Did you make my Pad Prik King
How did you go? Let me know in the comments below and be sure to tag @cookeatworld at Instagram.
Great recipe Lee! I’m an avid cook (also chef in another life) and love every kind of curry under the sun! I agree, the Maesri pastes re awesome, use them all the time and our fave is the Kaeng Par (Jungle Curry) with fish stock and pieces of galangal cooked in with it. Keep up the good work! Dave – Babinda, Qld, AUST.
Thank you so much.
I love the jungle curry paste too, although I ALWAYS add a tonne of coconut milk, which is not allowed apparently!

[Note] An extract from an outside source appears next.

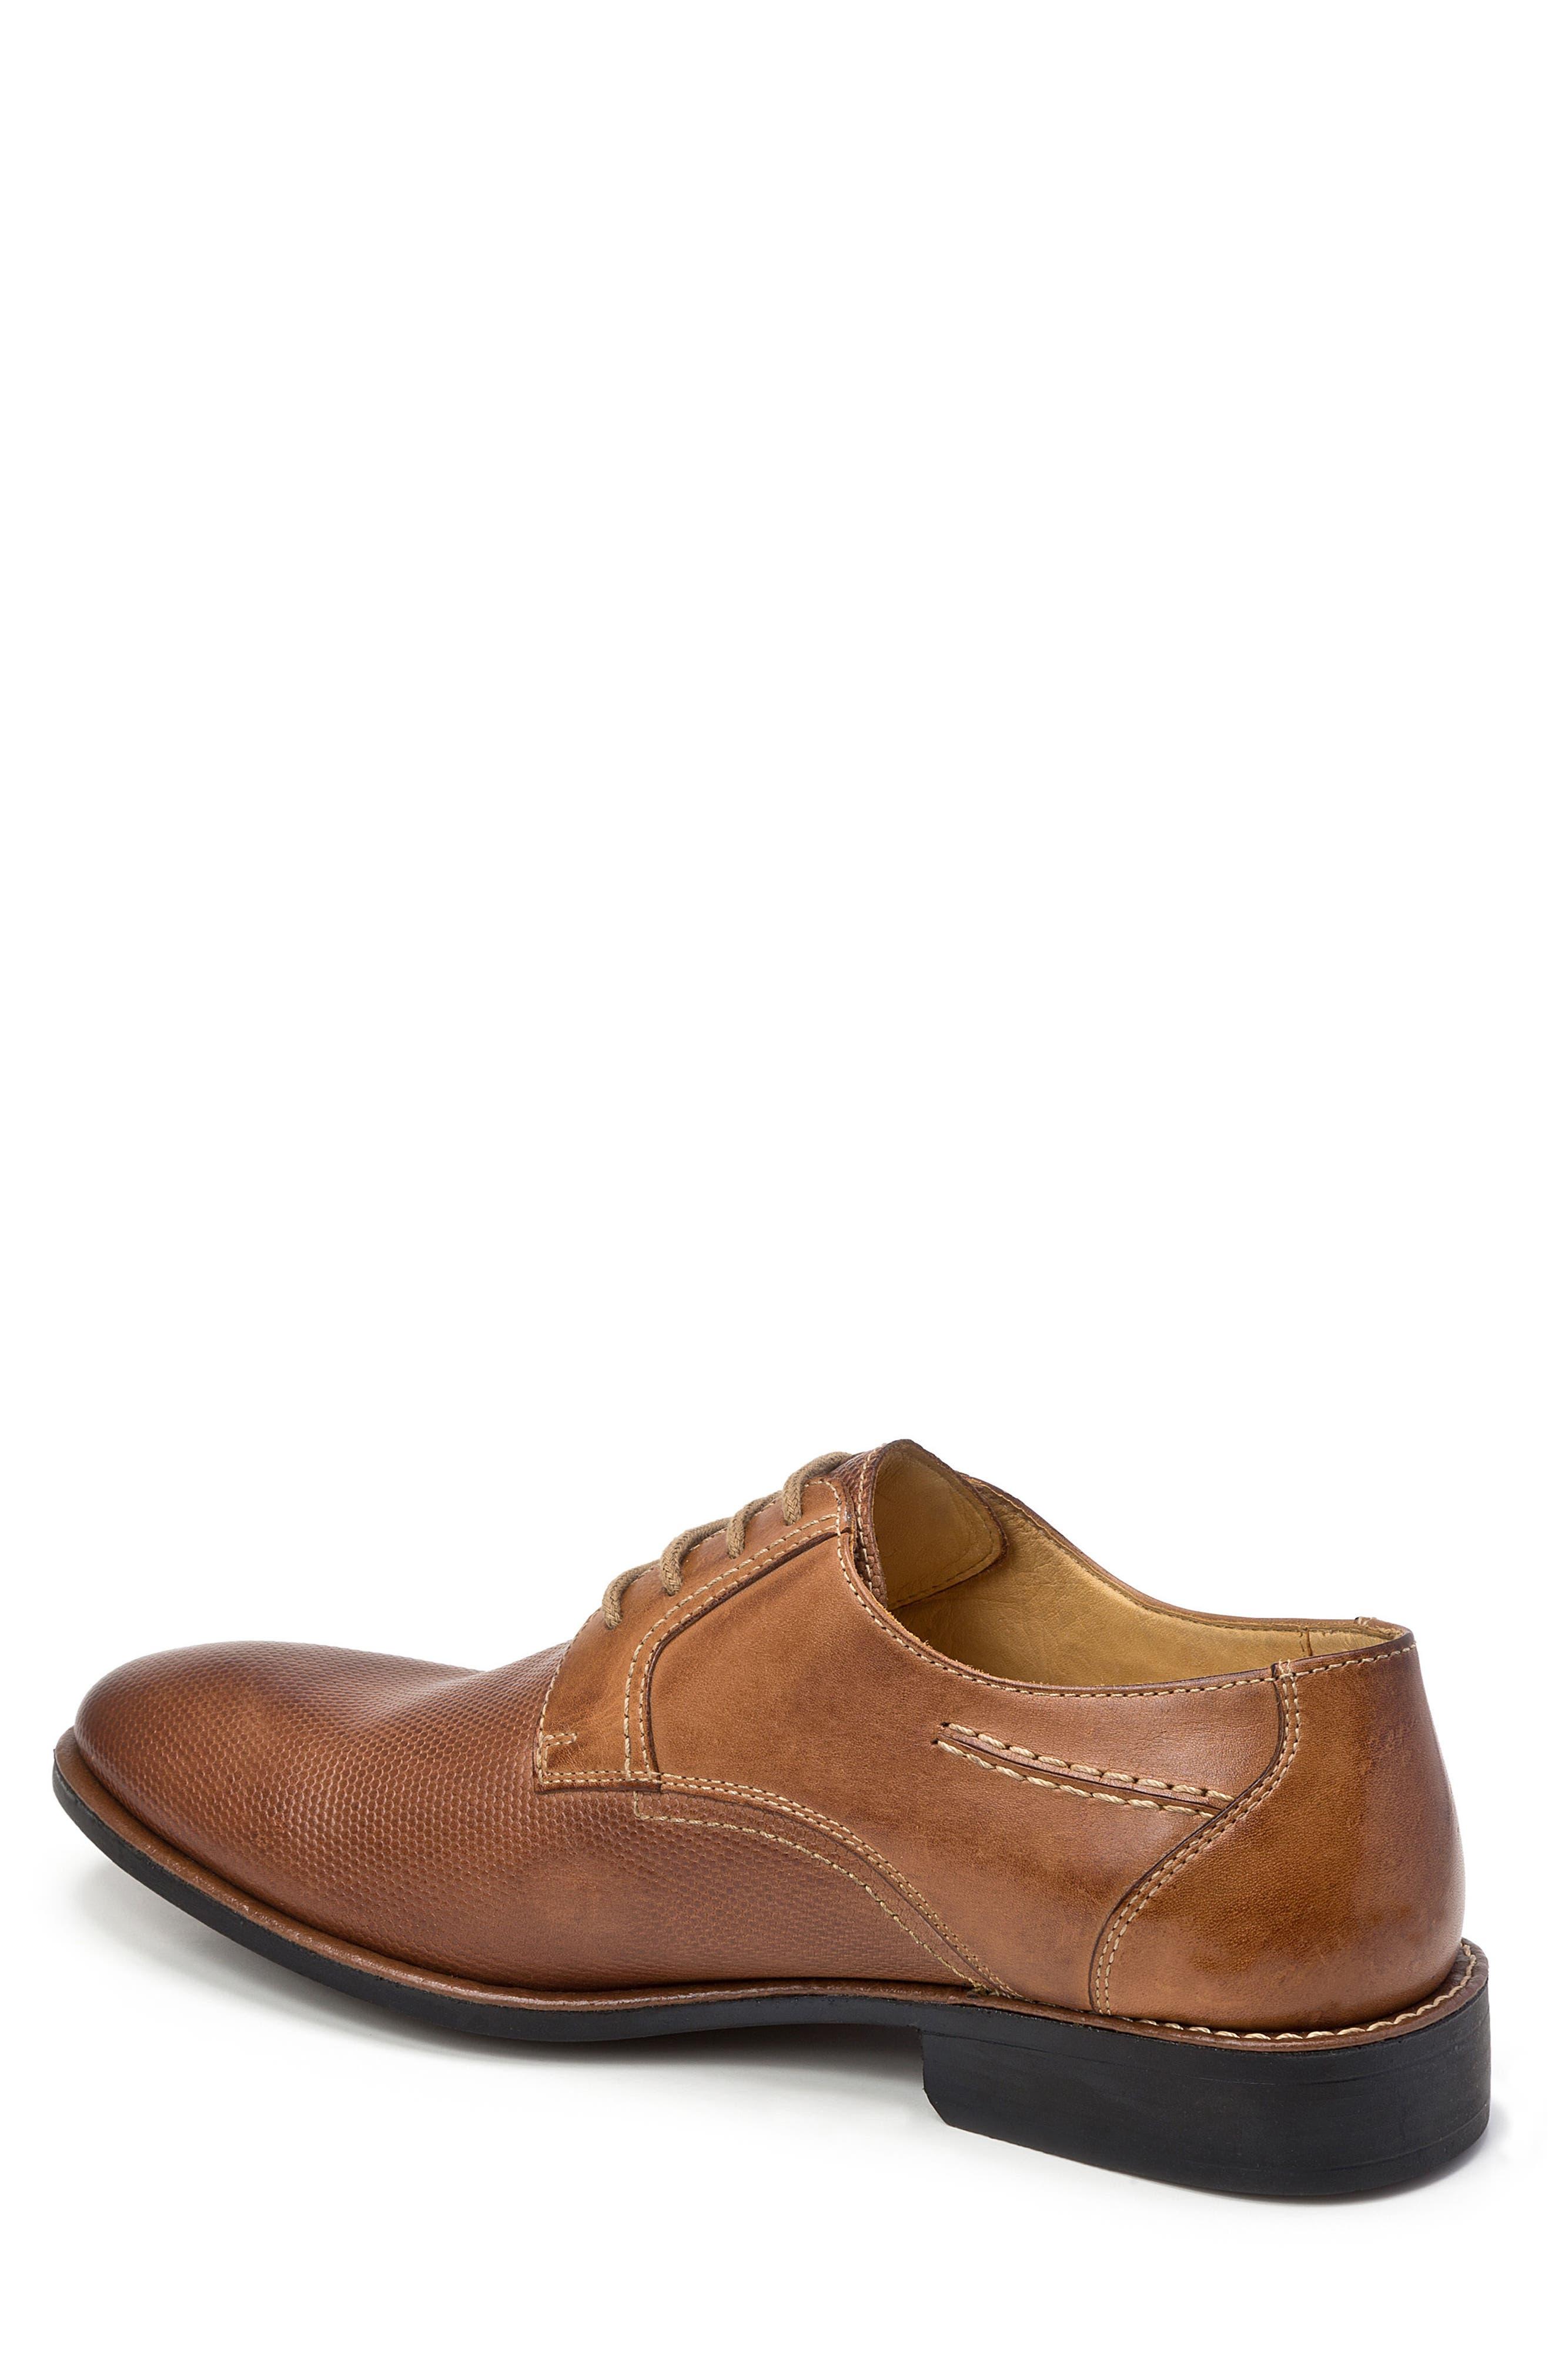 Trenso Plain Toe Derby,                             Alternate thumbnail 2, color,                             Tan Leather

Thanks for your comment and glad you’re enjoying all the curies as much as me!
Making it for the second time tonight at the special request of my husband and daughter, who both LOVED it last time (as did I). My son complained of “not enough sauce for the rice,” so I’ll be adding a little extra water as recommended. I’m writing this as my pork strips “marinade” in cornstarch, water, s/p, sesame oil, and garlic powder, and my stomach is growling!
Yes! The sauce… :( technically it’s a stir fry, so sauce can be annoyingly scarce. A bit of water will help! Failing that make one of my delicious sauce-abundant curries! Try the chicken curry with bamboo shoots…
I made this dish last night! OMG, it was HOT HOT HOT! I thought my other Thai dishes were HOT (we love it hot!), but this one: WOW!
My husband LOVED it! He had two helpings and finished my plate too! And, for me, (well I did add five Bird’s eye chillis and I think I’ll stick to 2 next time), it was very good, just took some getting used to. Maesri is a very different chili paste than what I’ve used before. Very complex.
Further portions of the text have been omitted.